David spent a total of 66 days in hospital, and while in the coma, lost a remarkable 15 pounds of muscle.

He held off on doing this interview until after the Christmas and New Year period ended, preferring to instead train his focus on spending what became now treasured moments with his family with no outside distractions.

“It was immense, better than any lottery win. When I started to come round, Christmas and New Year’s was all I wanted. But it was a struggle to even get home. I had to relearn how to talk. It wasn’t until weeks after I woke up that I was even allowed a couple of teaspoons of water. My legs were gone as well, so I had to relearn how to walk.”

‘Failure is not an option’ has always been David’s motto.

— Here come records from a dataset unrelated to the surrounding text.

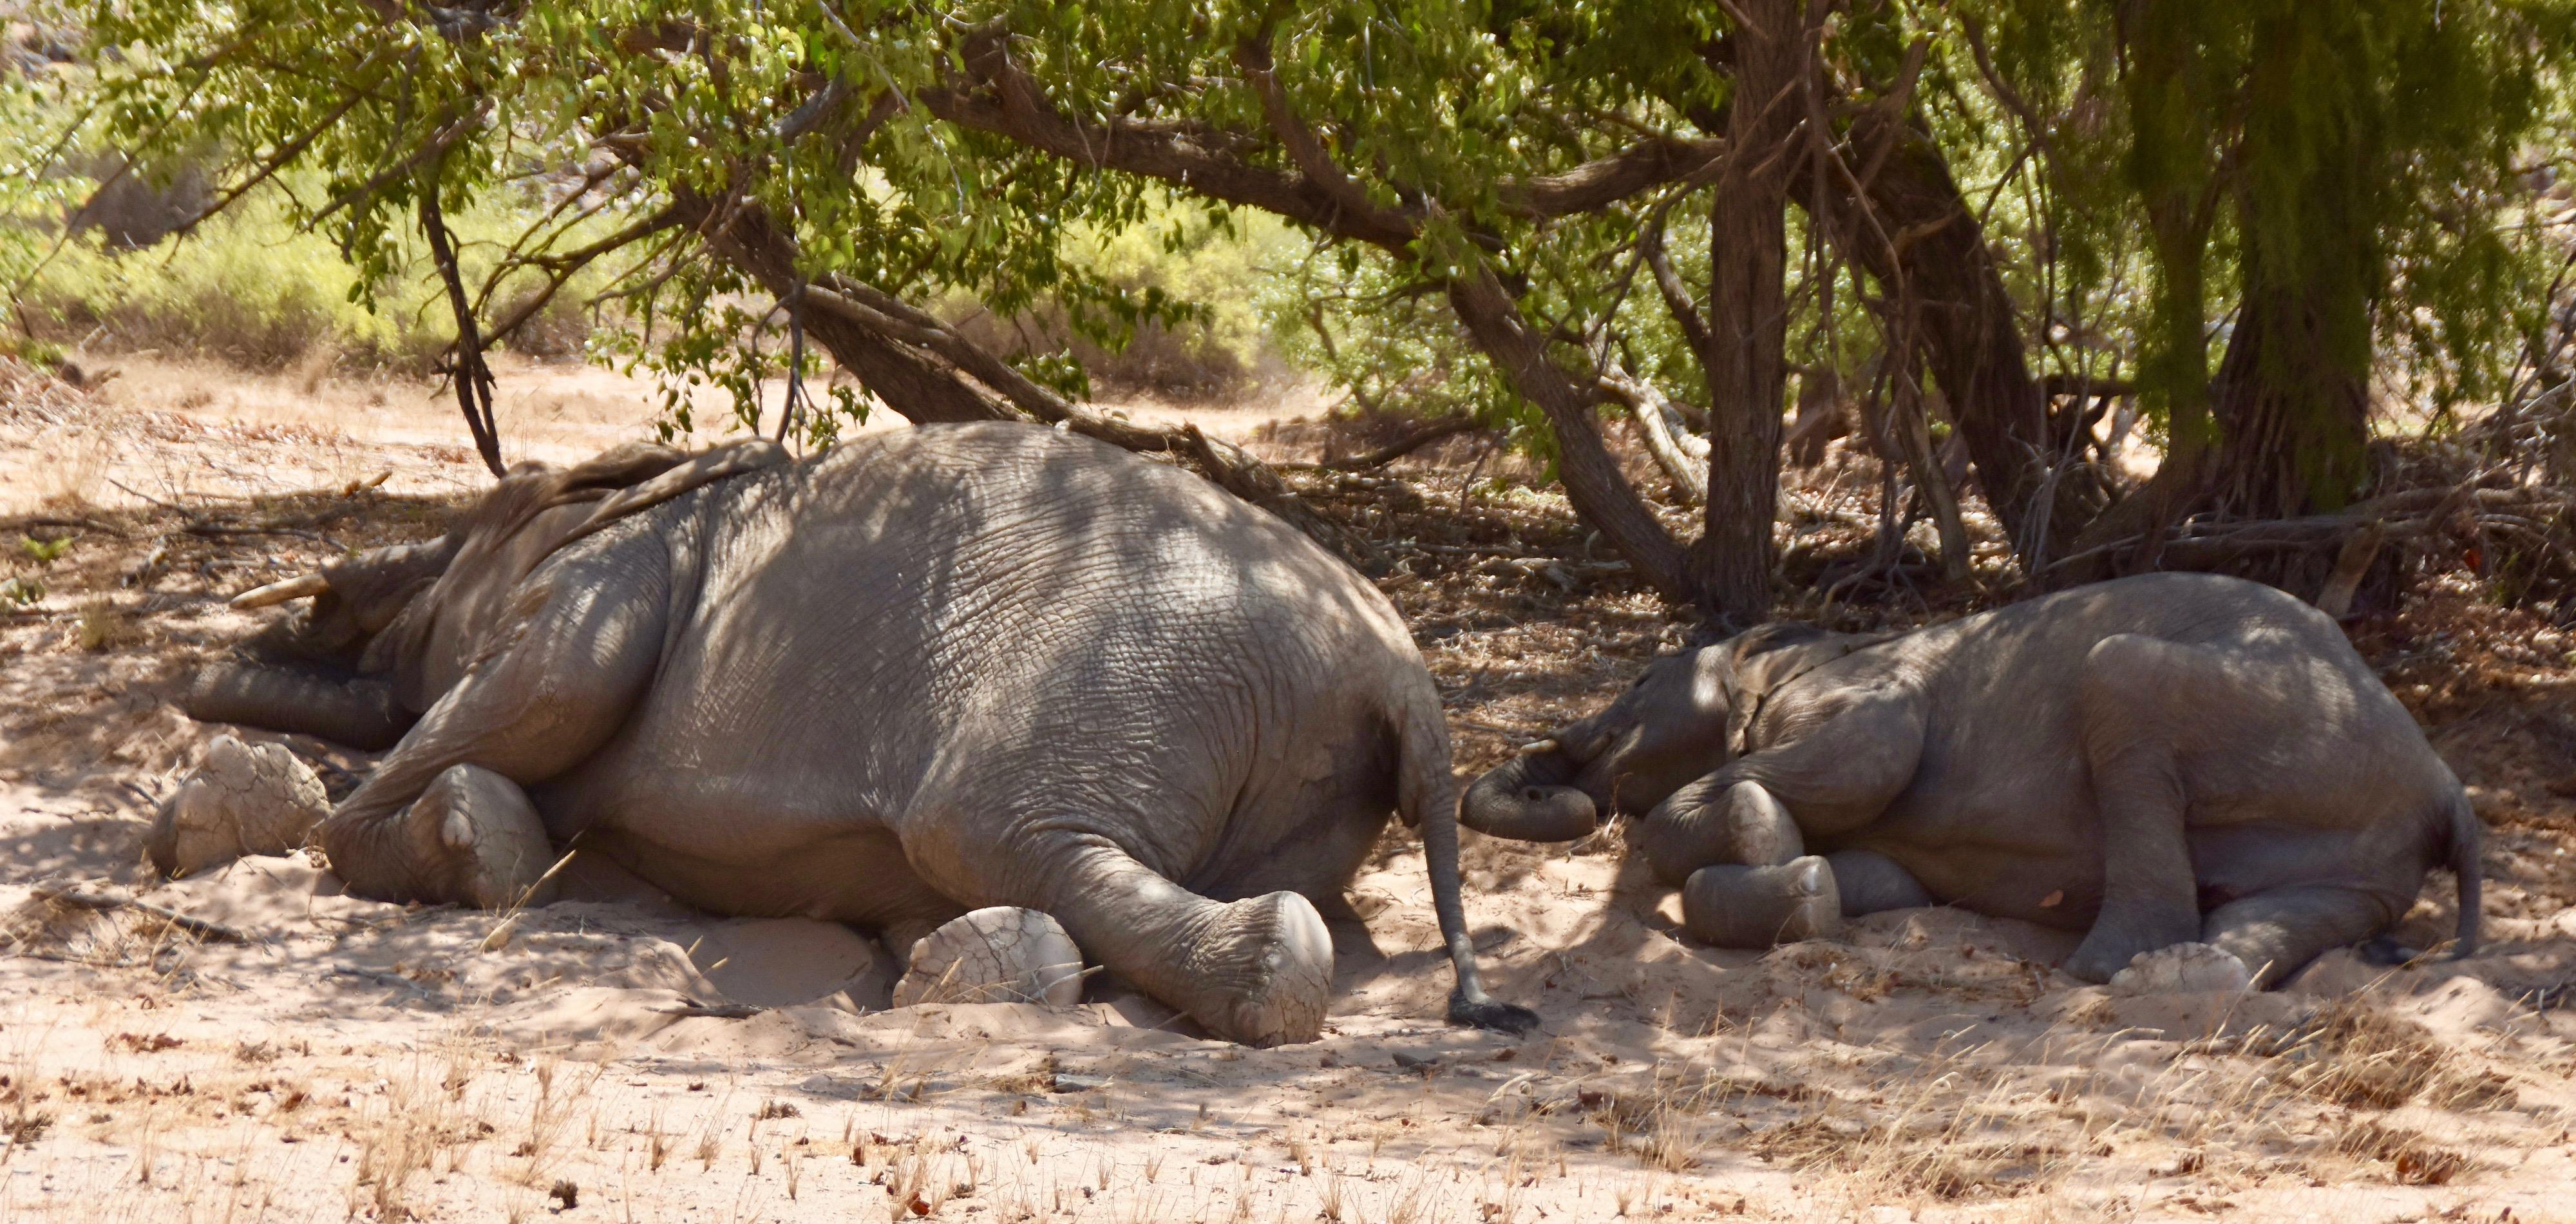 Sleeping Elephants, Damaraland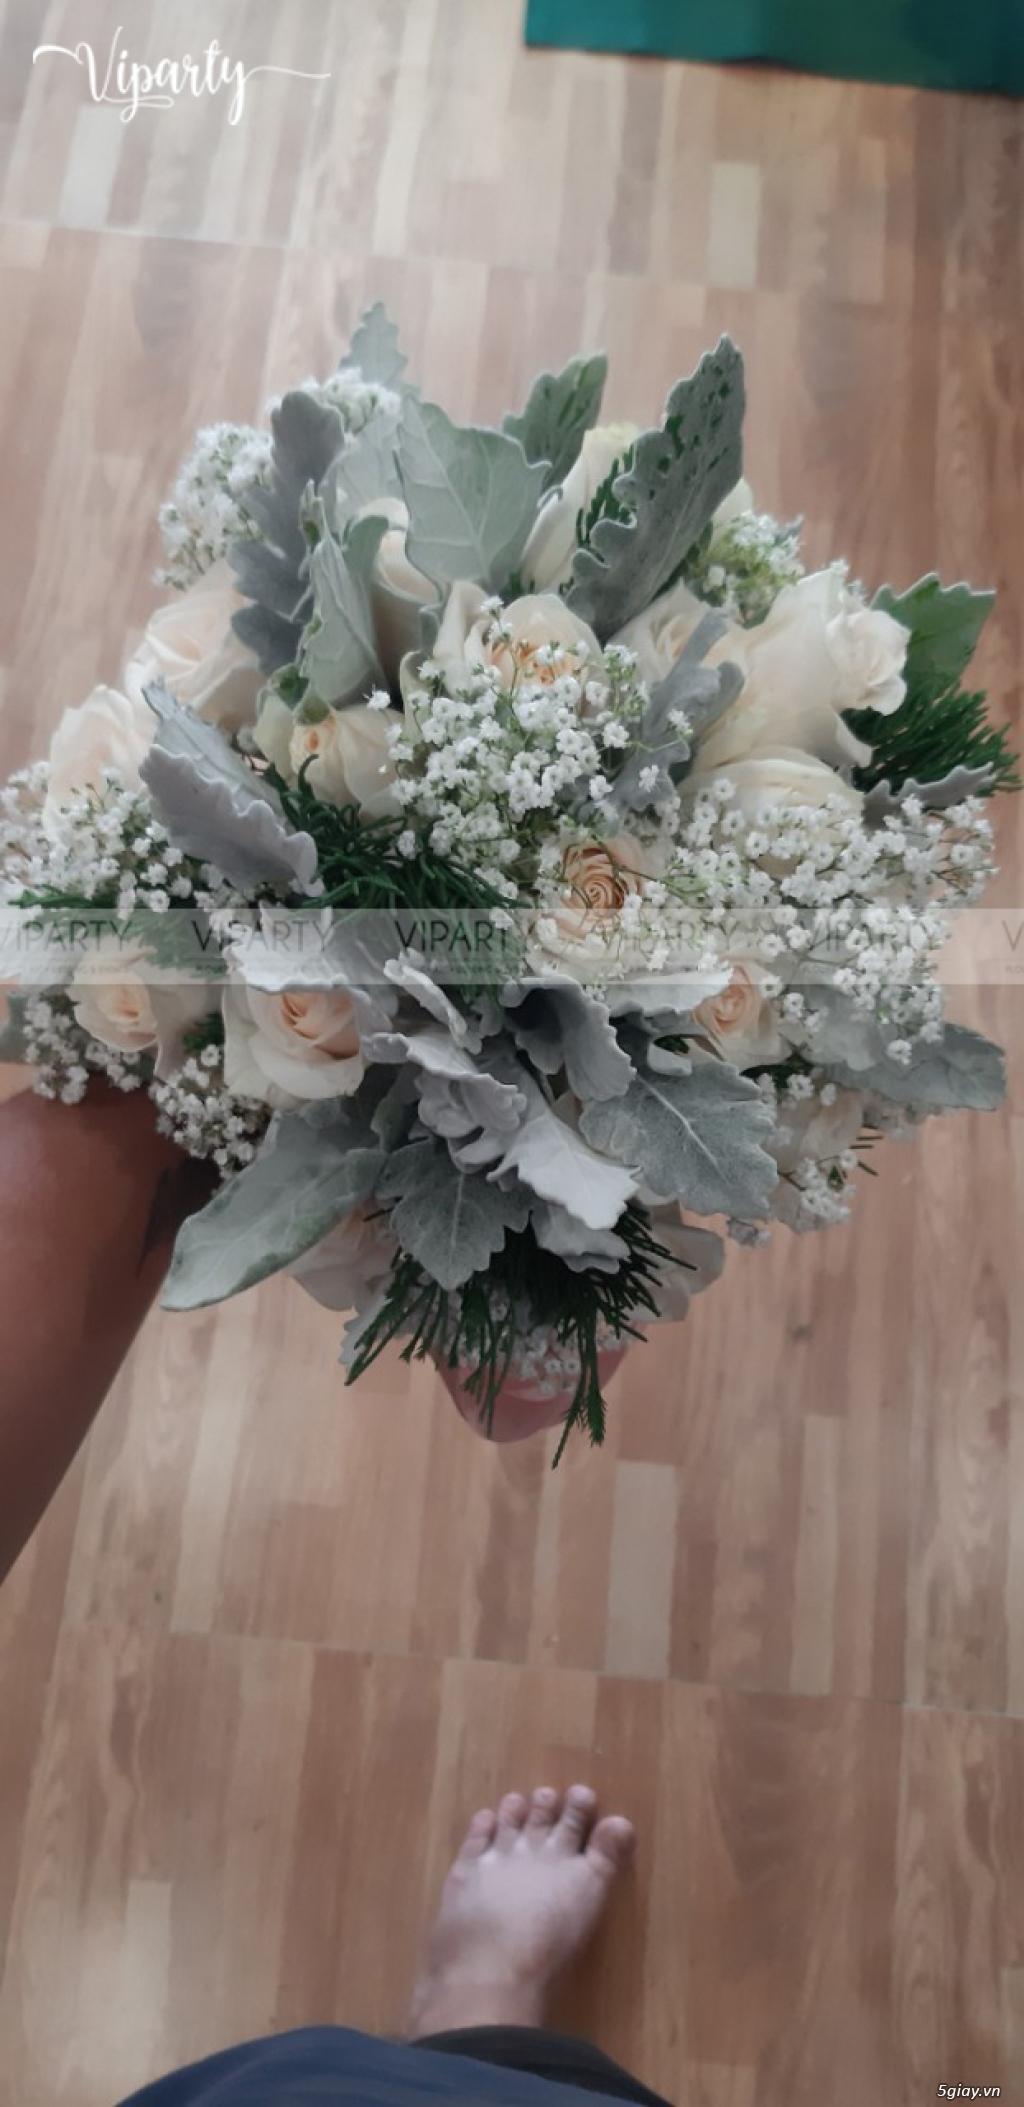 Chuyên cung cấp: Hoa cầm tay Cô Dâu & Hoa Sự Kiện : Wedding & Events - 29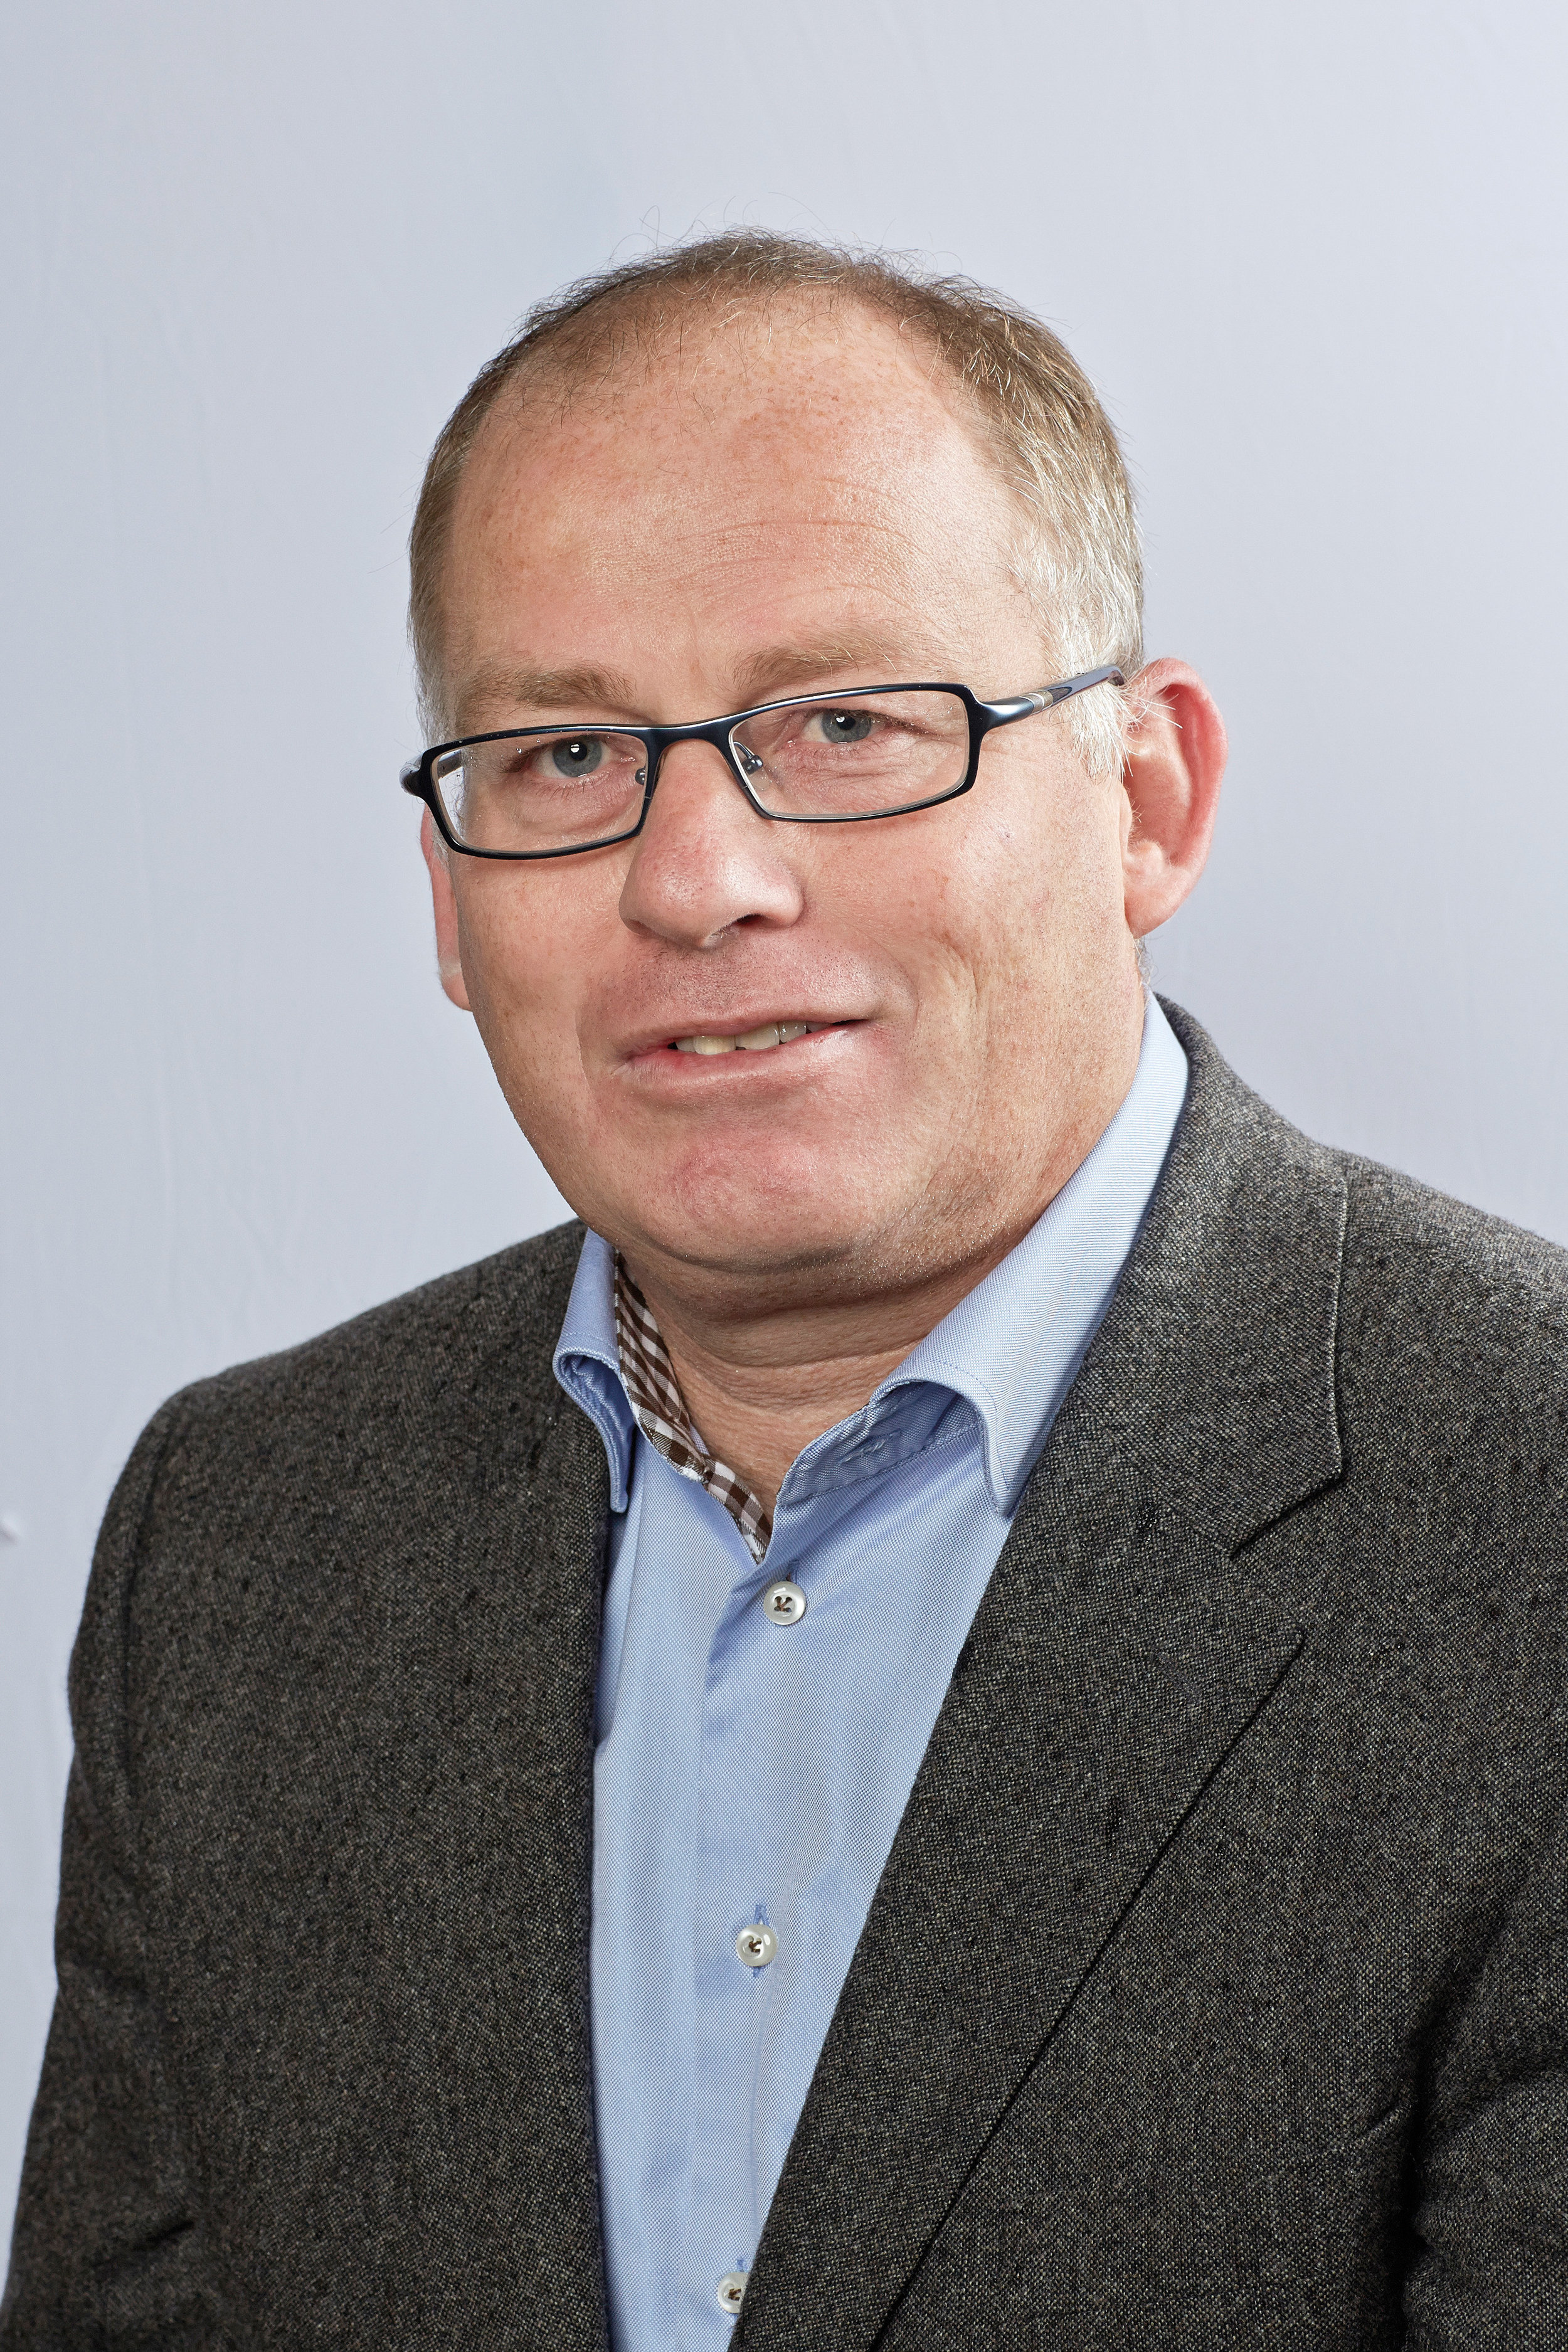 Ward van der Venne

“Standing up for 30 seconds was the first goal, then two steps, 10 steps, and eventually going on my own. This was all with oxygen. Then to try to do it without oxygen. So just beating Covid and coming out of the coma wasn’t enough. I still had so much work to do to even get to a point where the doctors were happy enough to let me leave hospital.”

Dialysis

David is currently undergoing dialysis three times a week at Cavan General Hospital due to ongoing issues with his kidneys. He’s hopeful of soon regaining kidney function again, but accepts there are “other options” available. “I’m not trying to think about those at the minute.”

So determined is David to get back to fitness, that doctors have already scolded him about “overdoing” things. “Maybe that’s no harm,” he laughs guiltily. “It’s more about controlling the rehab now instead of going hell for leather.”

David’s first “proper” walk was in nearby Dun Na Rí Forest Park. It’s a place David holds dear, almost sacred even. Amongst the trees he finds a deep reservoir of peacefulness. “There’s something special about it. I’ve trained there, walked it before every game Meath Hill has played. I walked there before my transplant as well. It’s a place of solace. So just to be able to go again meant so much.”

David also walked picturesque Port Beach in Louth with wife Katie, and more recently, the greenway near Nobber. For a man who ran multiple marathons on a set of donated lungs, the two kilometres along old railway line were the “toughest” yet.

There hasn’t been a day in 2022 that David’s phone hasn’t rang or beeped with someone wishing him well. His teammates from Meath Hill were among the early callers, presenting David with a signed club jersey. That kindness is another factor keeping him “strong” he says.

“There’s been more Novenas said, candles lit, you name it. Mary McAleese [who interviewed David for RTÉ’s ‘All Walks of Life’] was in Rome at the Vatican when she heard I’d taken ill, and she sent a message to say she’d lit a candle for me. All of that is very special.”

David adds his recovery is, for now at least, a “constant battle”.

“This is all part of another chapter in the book about my life I’m going to have to write one day. All I can say about where I am now is, I’m getting there, step by step by step. The rest is all in front of me.”